I also want to share a couple of pictures of my daughter’s shop, Cozy Quilt Shop. The San Diego quilters run is happening this week and the theme this year is On the Farm. All the participating shops decorate  in that theme and Cozy’s decorations are always outstanding.  Here is a picture of Daniela (with the pig tails) with 3 of her helpers, Kathy, Maureen, and Kara.

Kara at the welcome table:

They even have some live chicks:

That’s all folks.



Some garment sewing – another hobby.

black-white garment

I love to sew, but I don’t usually have much time for it. So I had decided to take the month of December off to sew, do some other crafty things and, of course, enjoy the festivities which included not only Christmas, but the big wedding celebration of my step grandson, Lex, on New year’s day. It was a lovely month. Unfortunately, the day after the wedding, I got sick. The flue or a terrible cold – who knows, but I just felt awful and it took me almost a month to get over it.
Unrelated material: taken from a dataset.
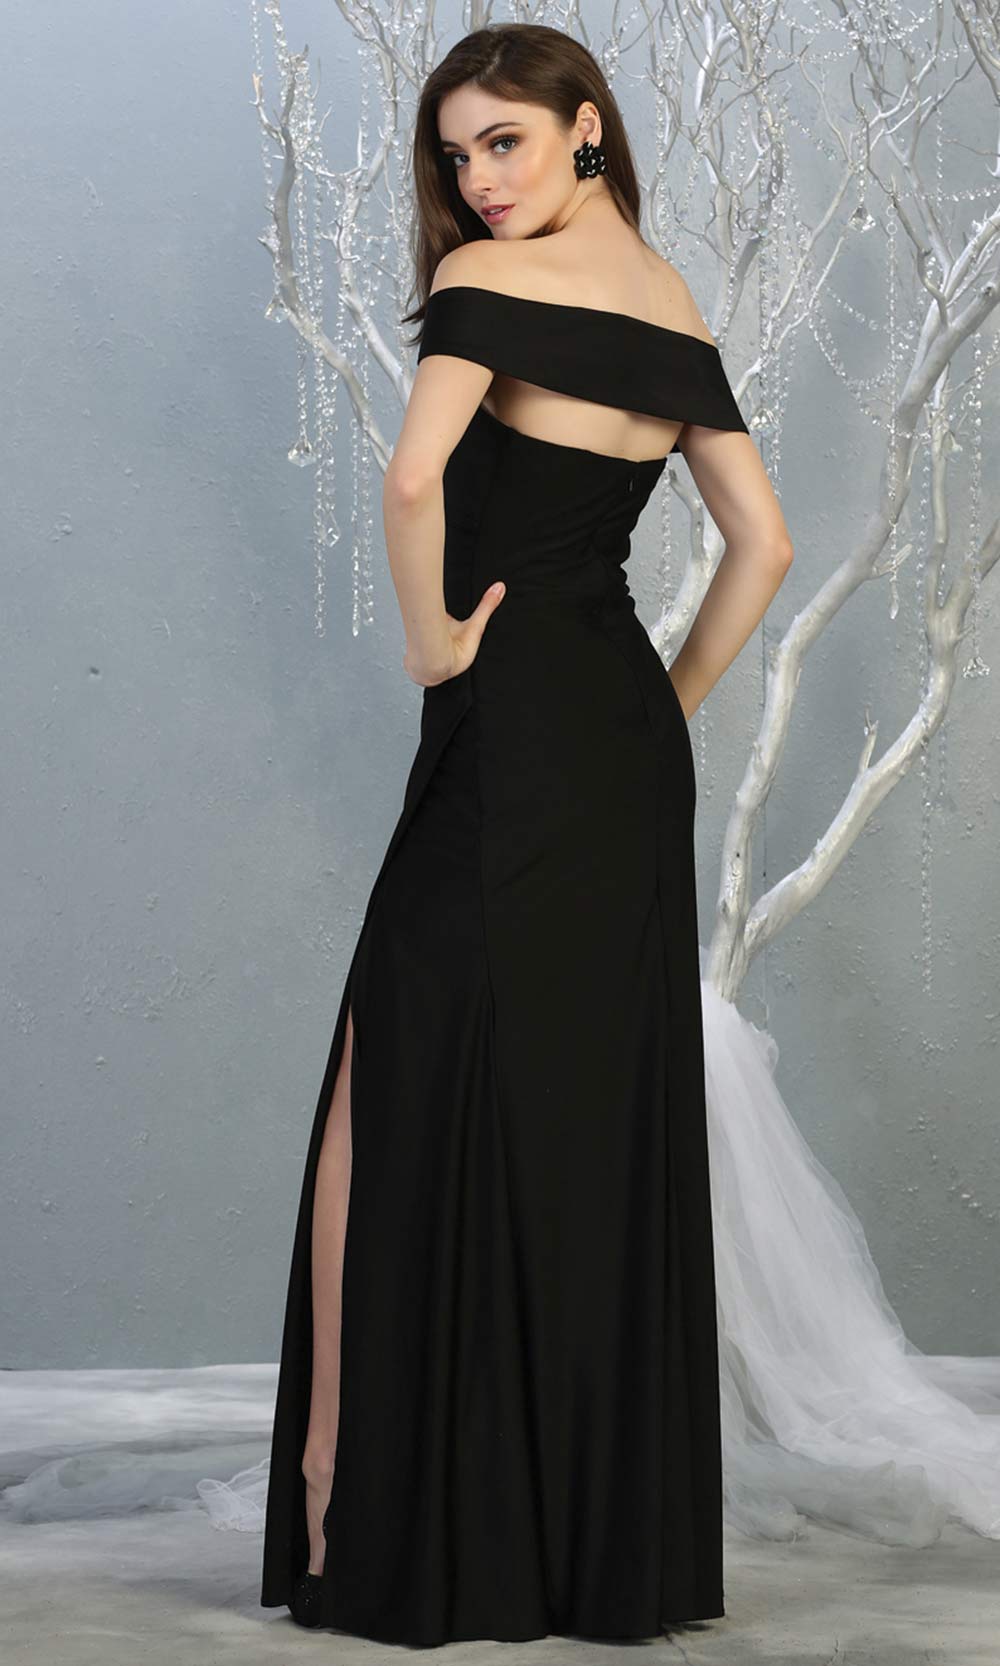 Mayqueen MQ1825 long black off shoulder fitted bridesmaid dress w/high slit. Full length black sleek & sexy gown is perfect for enagagement/e-shoot dress, formal wedding guest, indowestern gown, evening party dress, prom, bridesmaid.Plus sizes avail-b.jpg
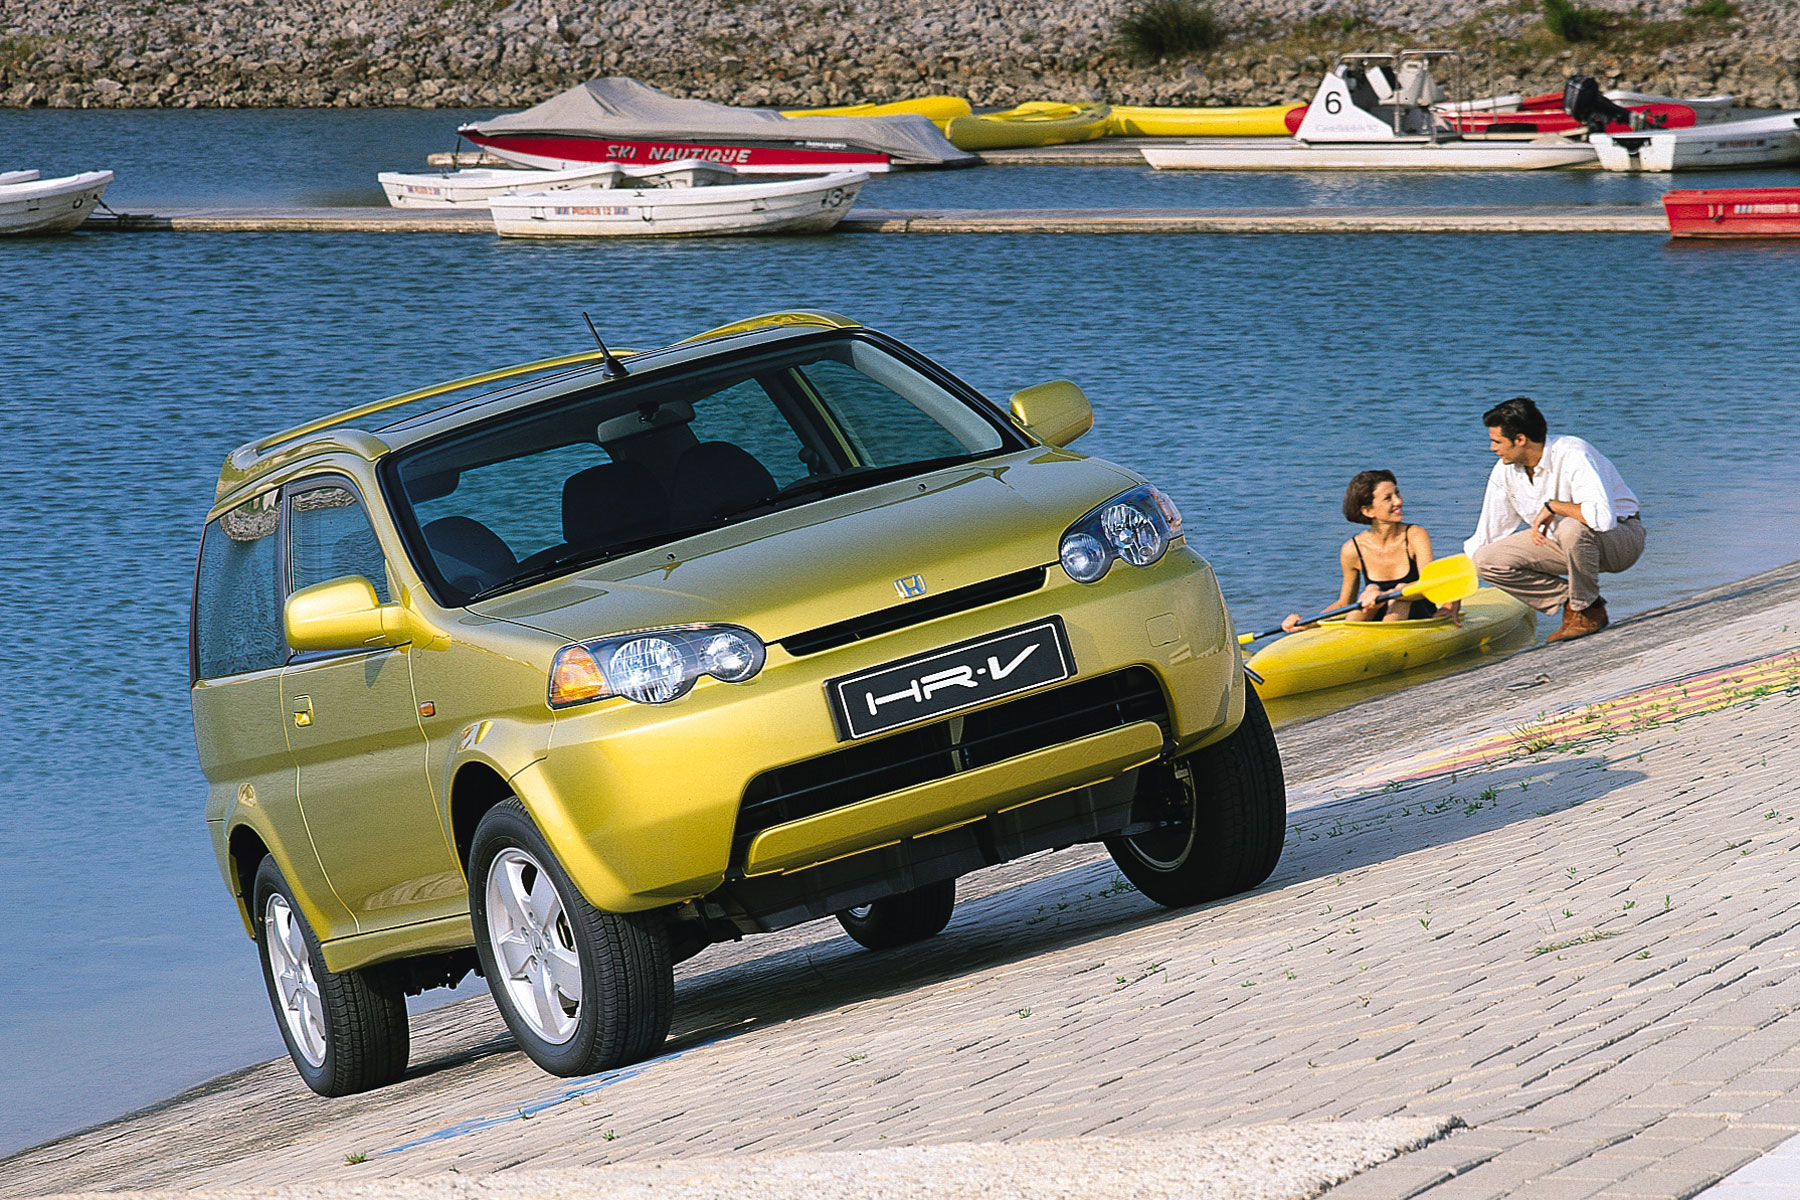 10 crossovers that beat the Nissan Qashqai to market

So now it is back to square one trying to catch-up again and finish everything that was left undone. And I am still sneaking in a nap now and then when I feel I need it.

I did however get several garments sewn. I am so pleased with how they turned out that I want to show  you a few of them,

The first one, the black and white top shown at the top of the page is part of on ensemble of black slacks with a black and white top. The top was made from leftover fabric from another project, what a bonus.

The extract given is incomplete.